Five large UTT studies are currently underway in sub-Saharan Africa to evaluate the field efficacy of a universal offer of HIV-testing, followed by an offer of immediate ART initiation to individuals ascertained to be HIV-infected. These trials raise numerous questions about the different components of the intervention package, including models of repeat HIV-testing delivery. How do community members understand and accept regular and repeated door-to-door offers of HIV-testing? Does the context of very rapid changes in treatment approaches influence perceptions and engagement with repeat HIV-testing? What social norms would require changes in order to foster more community support towards regular and repeat HIV-testing?
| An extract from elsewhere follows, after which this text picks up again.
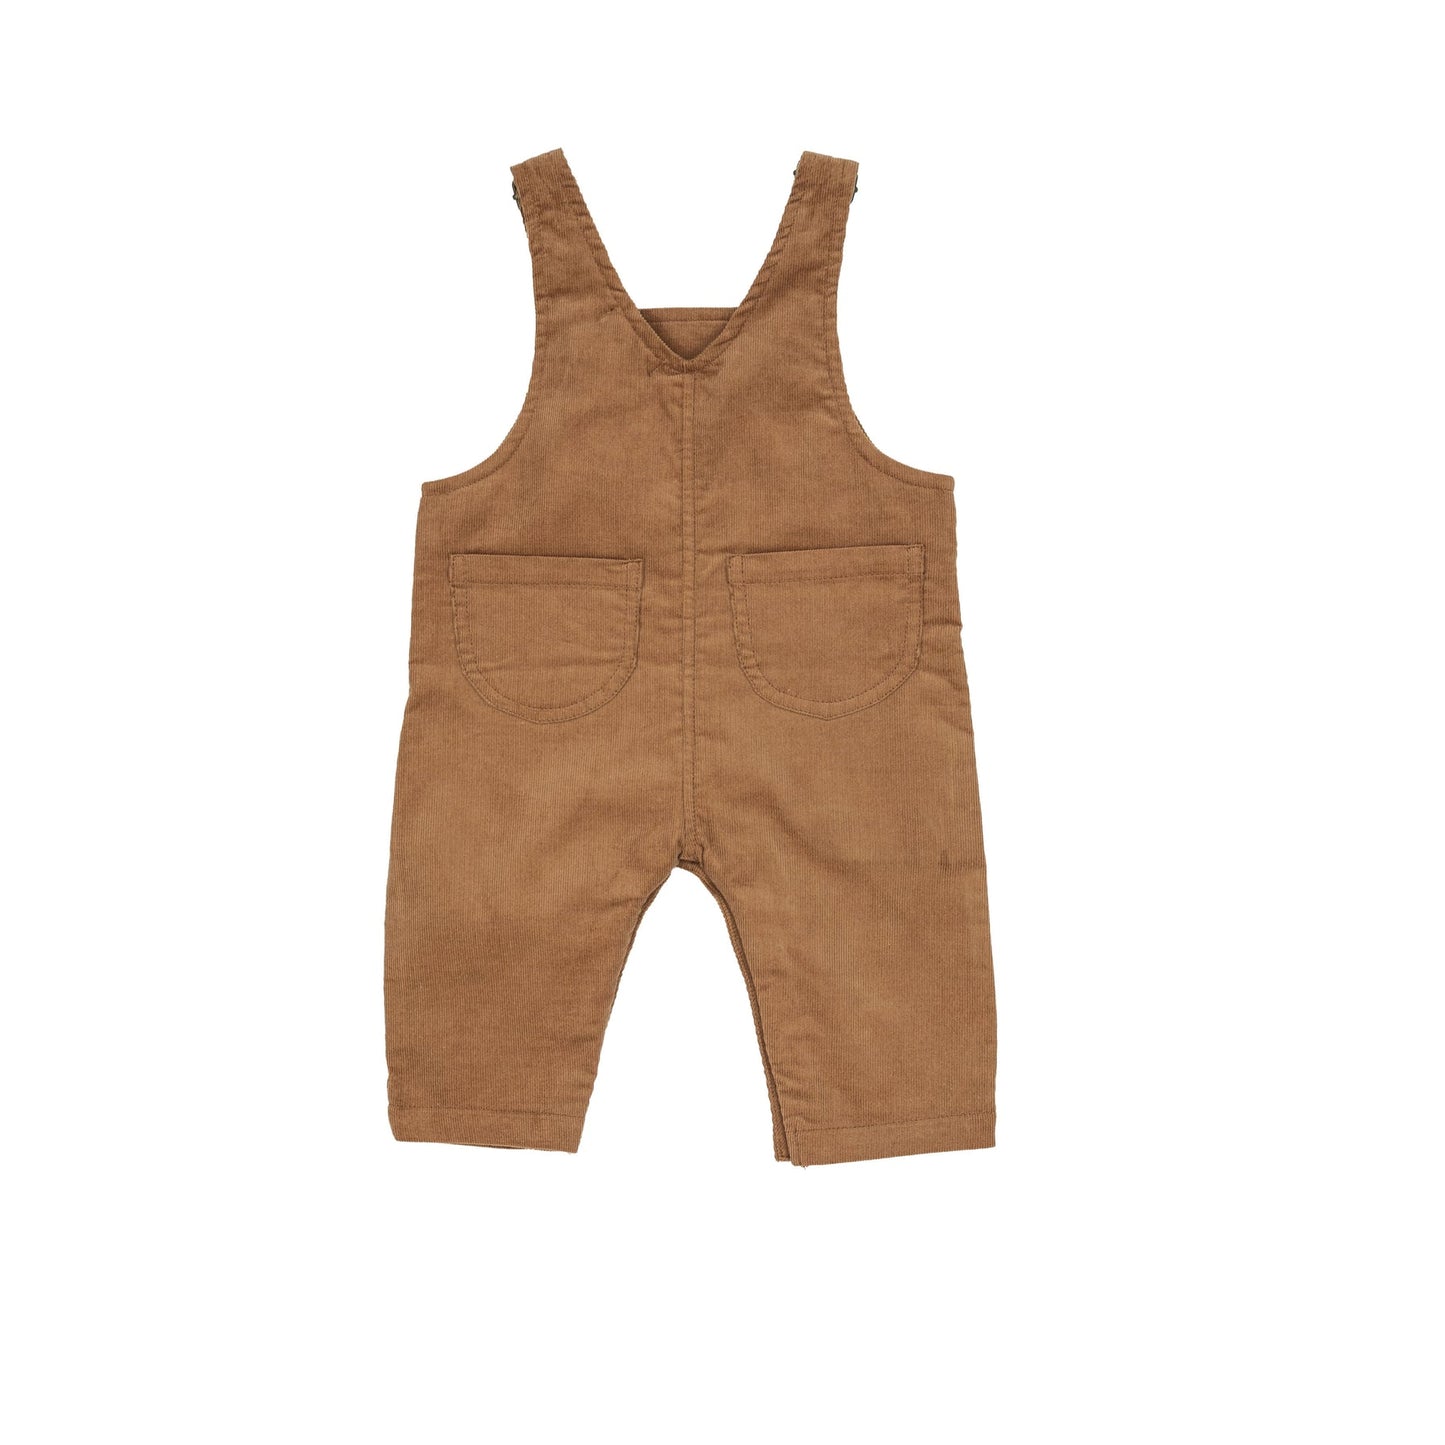 Angel Dear Classic Overall

We investigated perceptions of repeat HIV-testing among rural communities in South Africa before and during the early implementation stages of the ANRS 12249 Treatment as Prevention (TasP) trial, that is, over a period of rapid changes in HIV treatment approaches.

Methods

The TasP trial setting

The TasP trial is being implemented in the Hlabisa sub-district, in northeast KwaZulu-Natal. This is a poor and predominantly rural area with approximately 228,000 Zulu-speaking inhabitants. An estimated 29% of adults (15–49 years) in the area are infected with HIV (Zaidi, Grapsa, Tanser, Newell, & Barnighausen, Citation2013). The Hlabisa HIV treatment and care programme, initiated in 2004, is decentralised in the 17 primary health-care clinics. People can access HIV-testing and counselling at any time and those eligible according to South African Department of Health guidelines receive free ART: by July 2011, an estimated 37% of all HIV-positive adults in the area had been successfully started on ART (Tanser, Barnighausen, Grapsa, Zaidi, & Newell, Citation2013). Life expectancy has dramatically improved since the early 2000 (Bor, Herbst, Newell, & Barnighausen, Citation2013); HIV incidence has decreased, but remains high in the area (Tanser et al., Citation2013).

Tasp trial summary

The TasP trial is a cluster-randomised trial coordinated by an international study group at the Africa Centre for Population Health, a research centre that has operated in the area for nearly 20 years. The trial has implemented universal and repeat home-based HIV-testing of all resident adults as standard of care, that is, in both study arms, and immediate ART initiation is implemented as the intervention (Box 1). Implementation of the trial has followed a phased approach: four clusters started in March 2012 (2 × 2), followed by six more clusters in January 2013 (2 × 3), and 12 more clusters in June 2014 (2 × 6). Follow-up is planned to continue in all clusters until June 2016 (Iwuji et al., Citation2013).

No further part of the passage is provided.